Mechanisms Explaining Muscle Fatigue and Muscle Pain in Patients with Myalgic Encephalomyelitis/Chronic Fatigue Syndrome (ME/CFS): a Review of Recent Findings. — CFSMEATLAS
Mechanisms Explaining Muscle Fatigue and Muscle Pain in Patients with Myalgic Encephalomyelitis/Chronic Fatigue Syndrome (ME/CFS): a Review of Recent Findings.
Gerwyn, Morris, Maes, Michael · Current rheumatology reports · 2017 · DOI
Quick Summary
This review examines why ME/CFS patients experience muscle fatigue and pain. Researchers found that several biological problems may contribute to these symptoms: damaged cellular energy factories (mitochondria), harmful stress molecules building up in the body, and reduced production of protective proteins. These problems together may explain why ME/CFS patients get tired quickly and struggle with exercise.
Why It Matters
Understanding the biological causes of muscle dysfunction could help develop targeted treatments for ME/CFS patients. By identifying multiple interconnected mechanisms rather than a single cause, this work supports more comprehensive approaches to symptom management and points researchers toward specific pathways worth investigating further.
Observed Findings
Chronic oxidative and nitrosative stress documented in multiple ME/CFS patient populations
Mitochondrial dysfunction detected in patient muscle tissue
Reduced heat shock protein production in affected individuals
Elevated low-grade inflammation markers in many patients
Objective evidence of increased muscle fatigue and impaired muscle contractility during or after exercise
Inferred Conclusions
Chronic O&NS, low-grade inflammation, and impaired heat shock protein production likely work together to explain exercise intolerance in ME/CFS
These biological abnormalities appear to impair both muscle repair after exercise and the normal adaptive responses to physical activity
Multiple interconnected mechanisms rather than a single cause may underlie ME/CFS muscle dysfunction
Remaining Questions
Do these mechanisms occur in all ME/CFS patients, or only a subset? If subset-specific, what distinguishes affected patients?
Which of these abnormalities is primary, and in what sequence do they develop?
What triggers the initial activation of chronic oxidative stress and inflammation in ME/CFS?

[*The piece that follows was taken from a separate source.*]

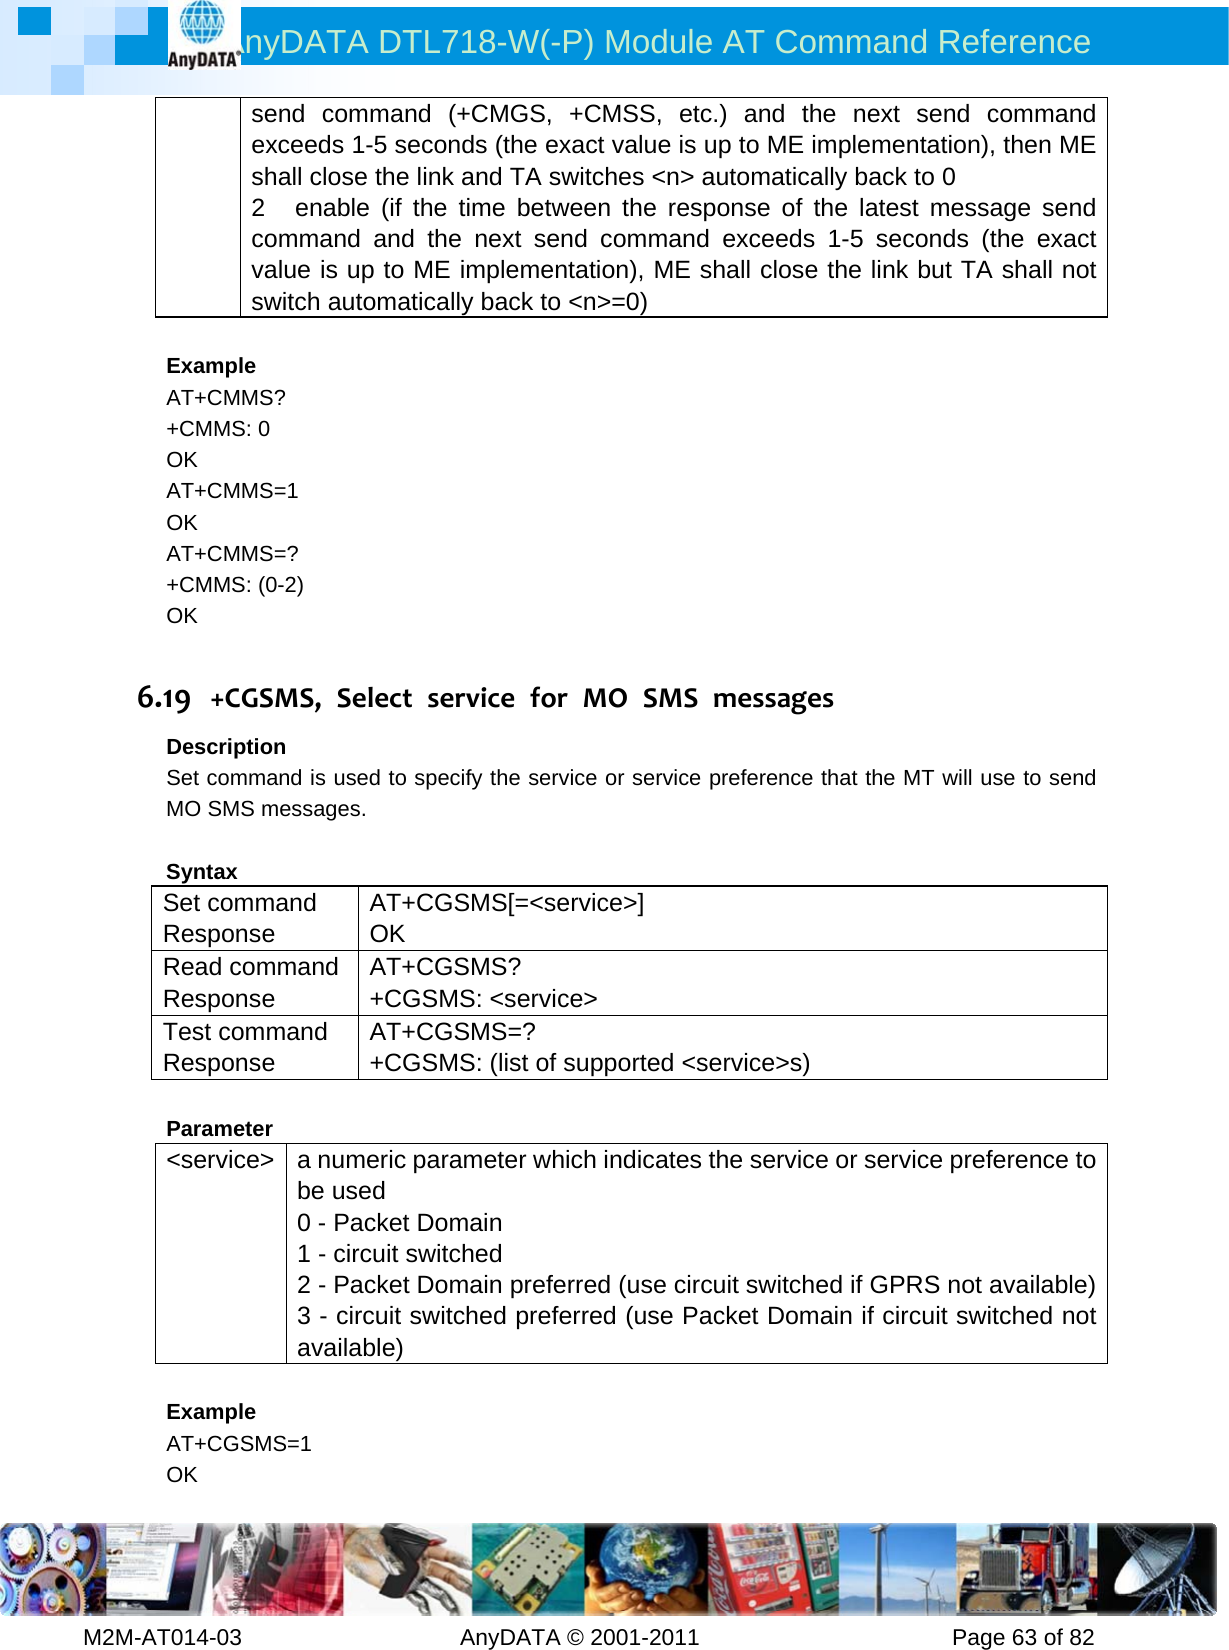 AnyDATA DTL718-W(-P) Module AT Command Reference         M2M-AT014-03                   AnyDATA © 2001-2011                      Page 63 of 82 send command (+CMGS, +CMSS, etc.) and the next send command exceeds 1-5 seconds (the exact value is up to ME implementation), then ME shall close the link and TA switches &lt;n&gt; automatically back to 0 2  enable (if the time between the response of the latest message send command and the next send command exceeds 1-5 seconds (the exact value is up to ME implementation), ME shall close the link but TA shall not switch automatically back to &lt;n&gt;=0)  Example AT+CMMS? +CMMS: 0 OK AT+CMMS=1 OK AT+CMMS=? +CMMS: (0-2) OK  6.19 +CGSMS,SelectserviceforMOSMSmessagesDescription Set command is used to specify the service or service preference that the MT will use to send MO SMS messages.  Syntax Set command Response AT+CGSMS[=&lt;service&gt;] OK Read command Response AT+CGSMS? +CGSMS: &lt;service&gt; Test command Response AT+CGSMS=? +CGSMS: (list of supported &lt;service&gt;s)  Parameter &lt;service&gt; a numeric parameter which indicates the service or service preference to be used 0 - Packet Domain 1 - circuit switched 2 - Packet Domain preferred (use circuit switched if GPRS not available)3 - circuit switched preferred (use Packet Domain if circuit switched not available)  Example AT+CGSMS=1 OK

What This Study Does Not Prove
This review does not establish that O&NS, mitochondrial impairment, or heat shock protein reduction directly cause muscle symptoms in all ME/CFS patients—it identifies associations and proposed mechanisms based on existing literature. It does not determine which mechanism is primary or whether these abnormalities are cause, consequence, or both. The review also cannot rule out other contributing biological factors not discussed.
Can interventions targeting these specific mechanisms (antioxidants, mitochondrial support, heat shock protein induction) reduce muscle symptoms and exercise intolerance?